(DATA BLOCK)
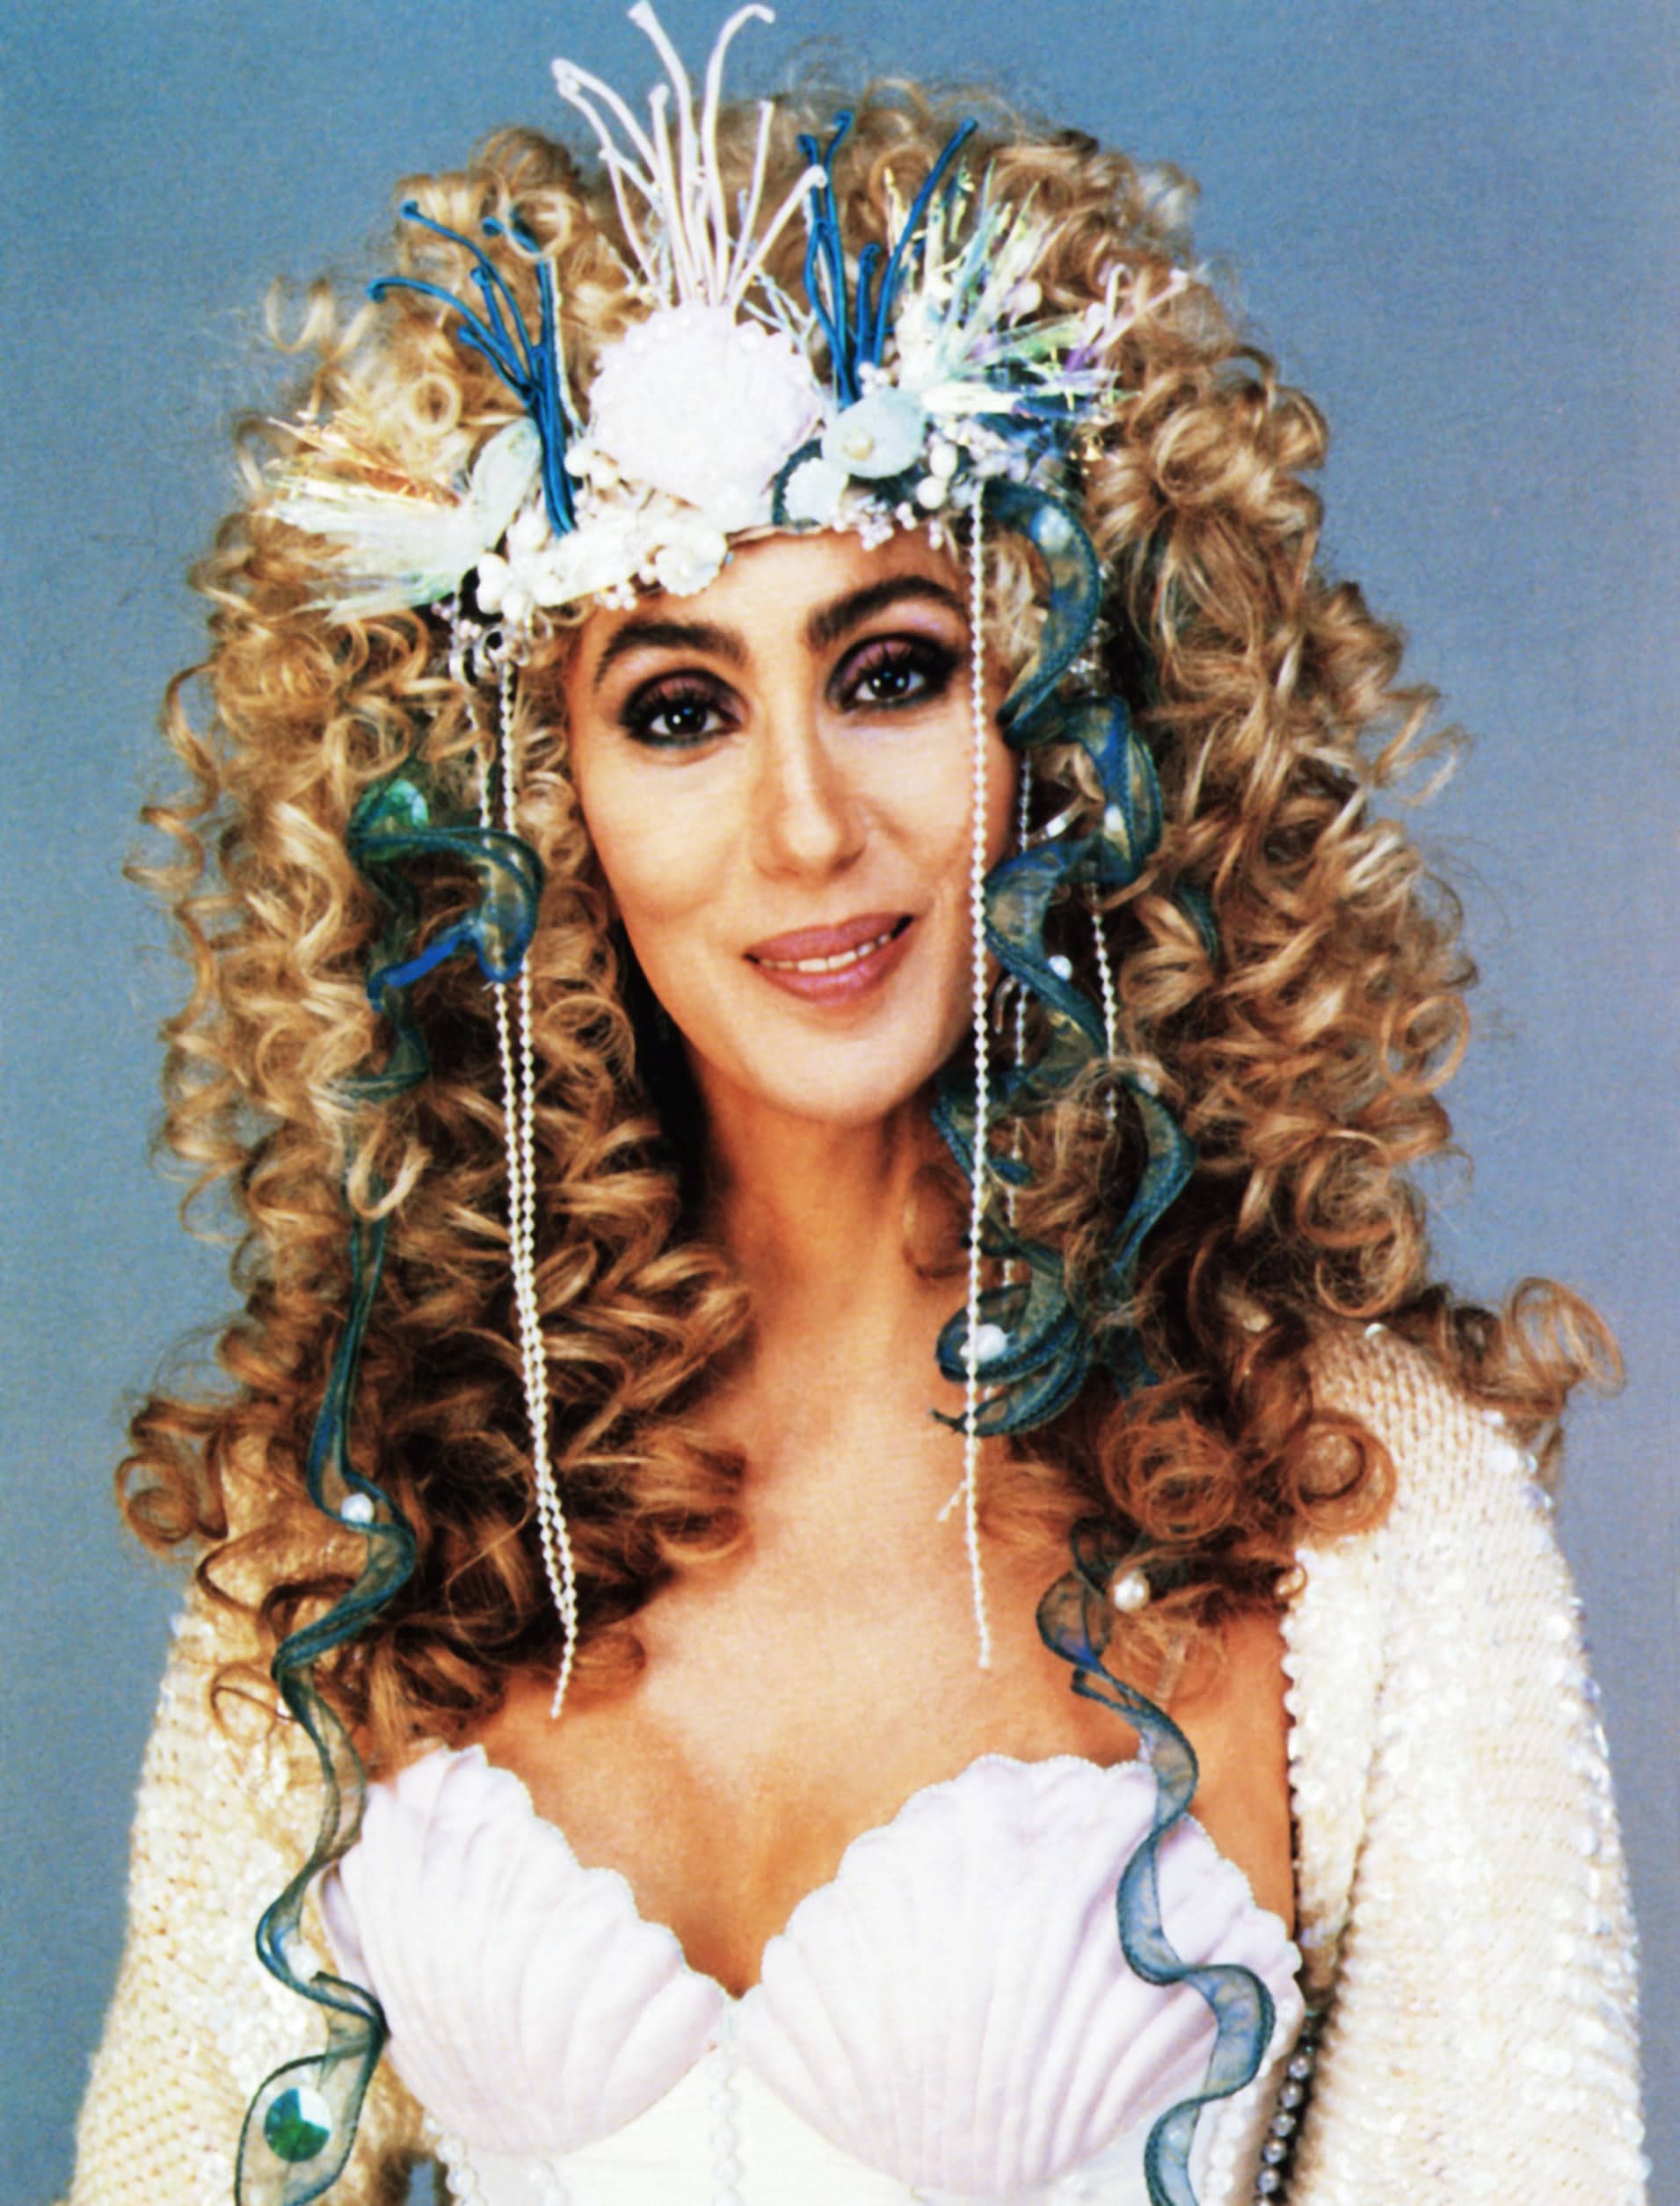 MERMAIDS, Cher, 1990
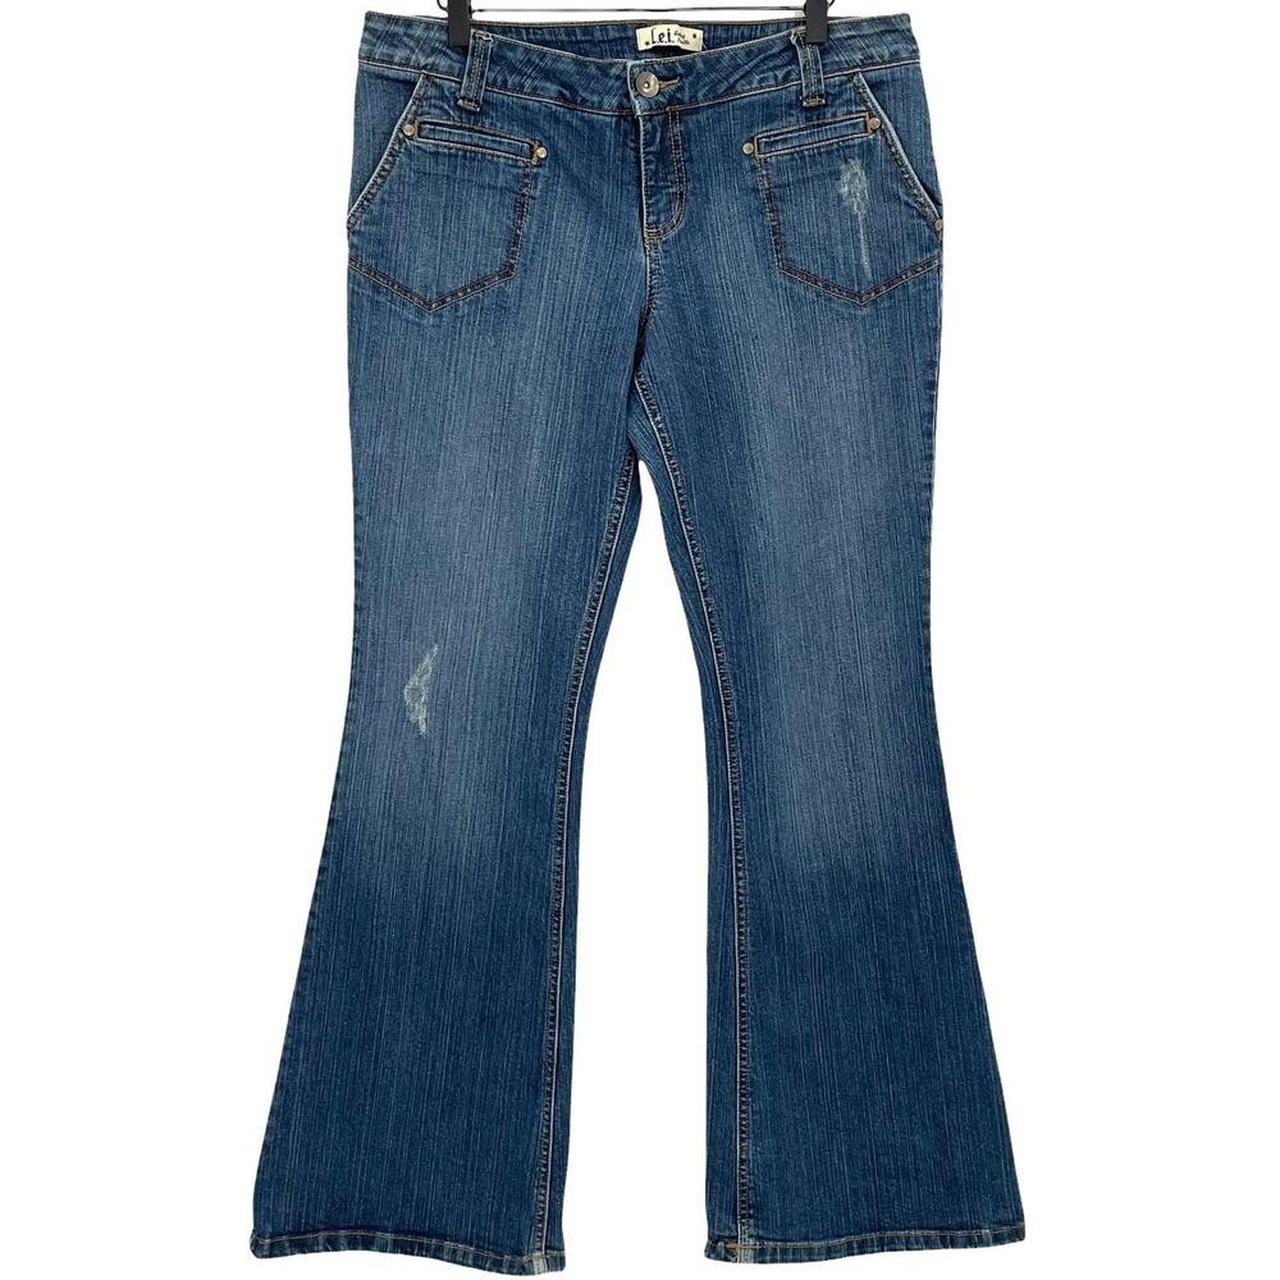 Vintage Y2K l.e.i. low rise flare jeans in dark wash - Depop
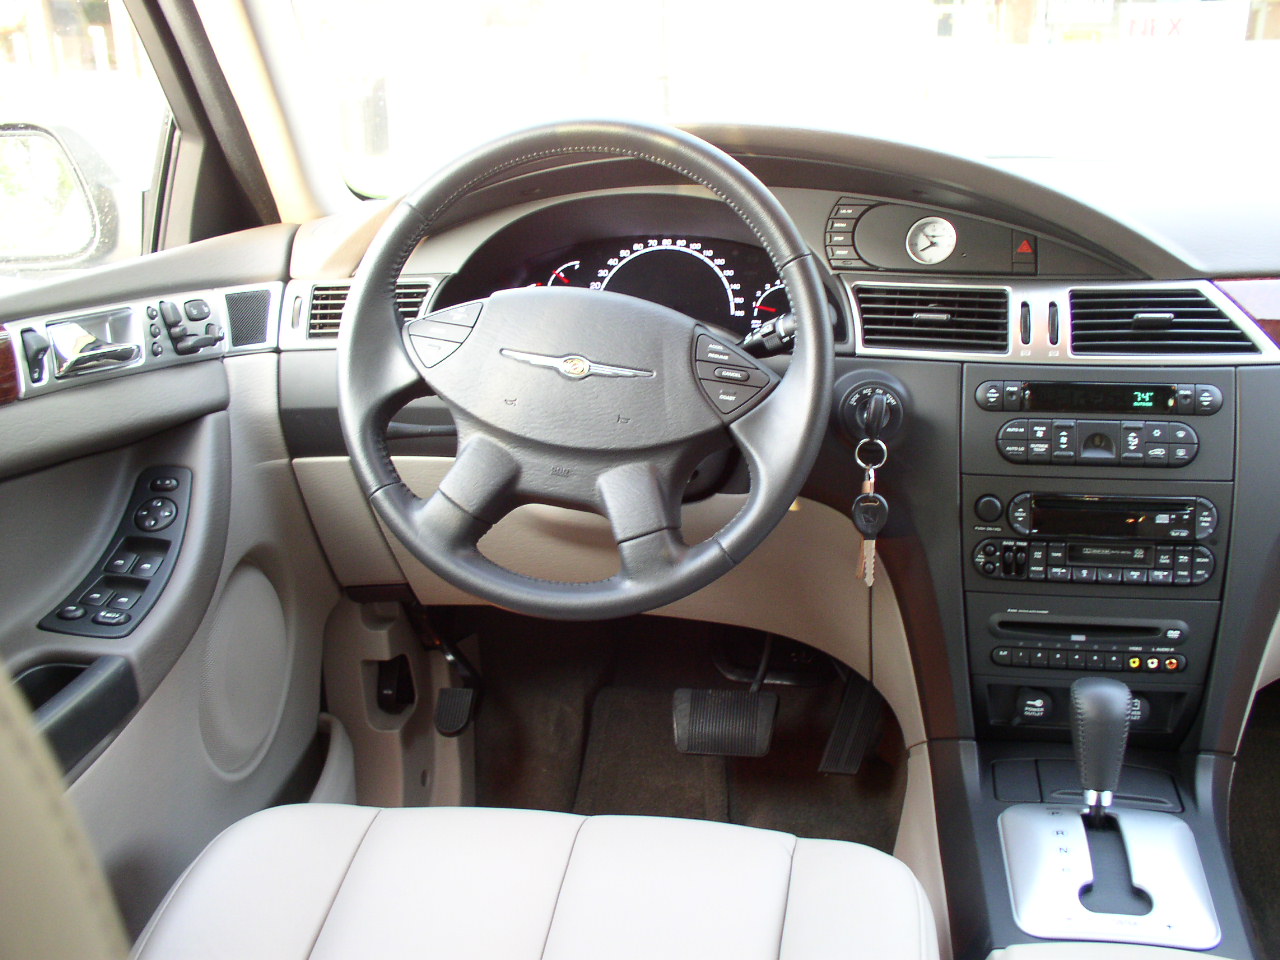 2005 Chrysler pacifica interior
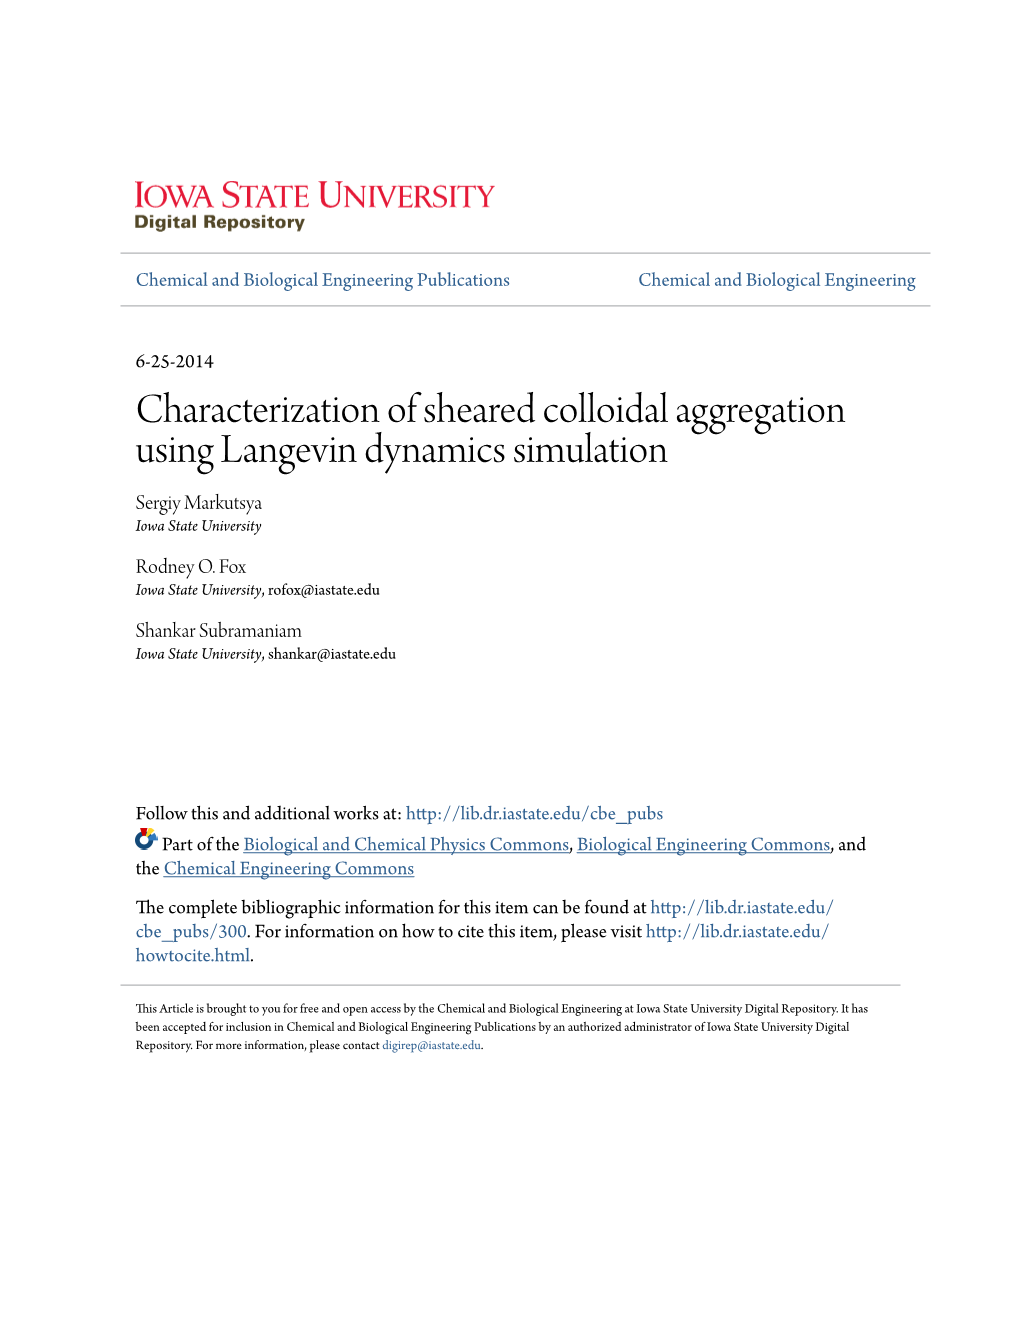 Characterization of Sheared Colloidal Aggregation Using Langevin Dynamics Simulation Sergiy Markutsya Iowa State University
(End DATA BLOCK)
Lines before the one containing "Vintage Y2K l.e.i." are not wanted; repeat that line and the rest of the listing exactly, leaving out pictures.

 Vintage Y2K l.e.i. low rise flare jeans in dark wash - Depop
 2005 Chrysler pacifica interior
 Characterization of Sheared Colloidal Aggregation Using Langevin Dynamics Simulation Sergiy Markutsya Iowa State University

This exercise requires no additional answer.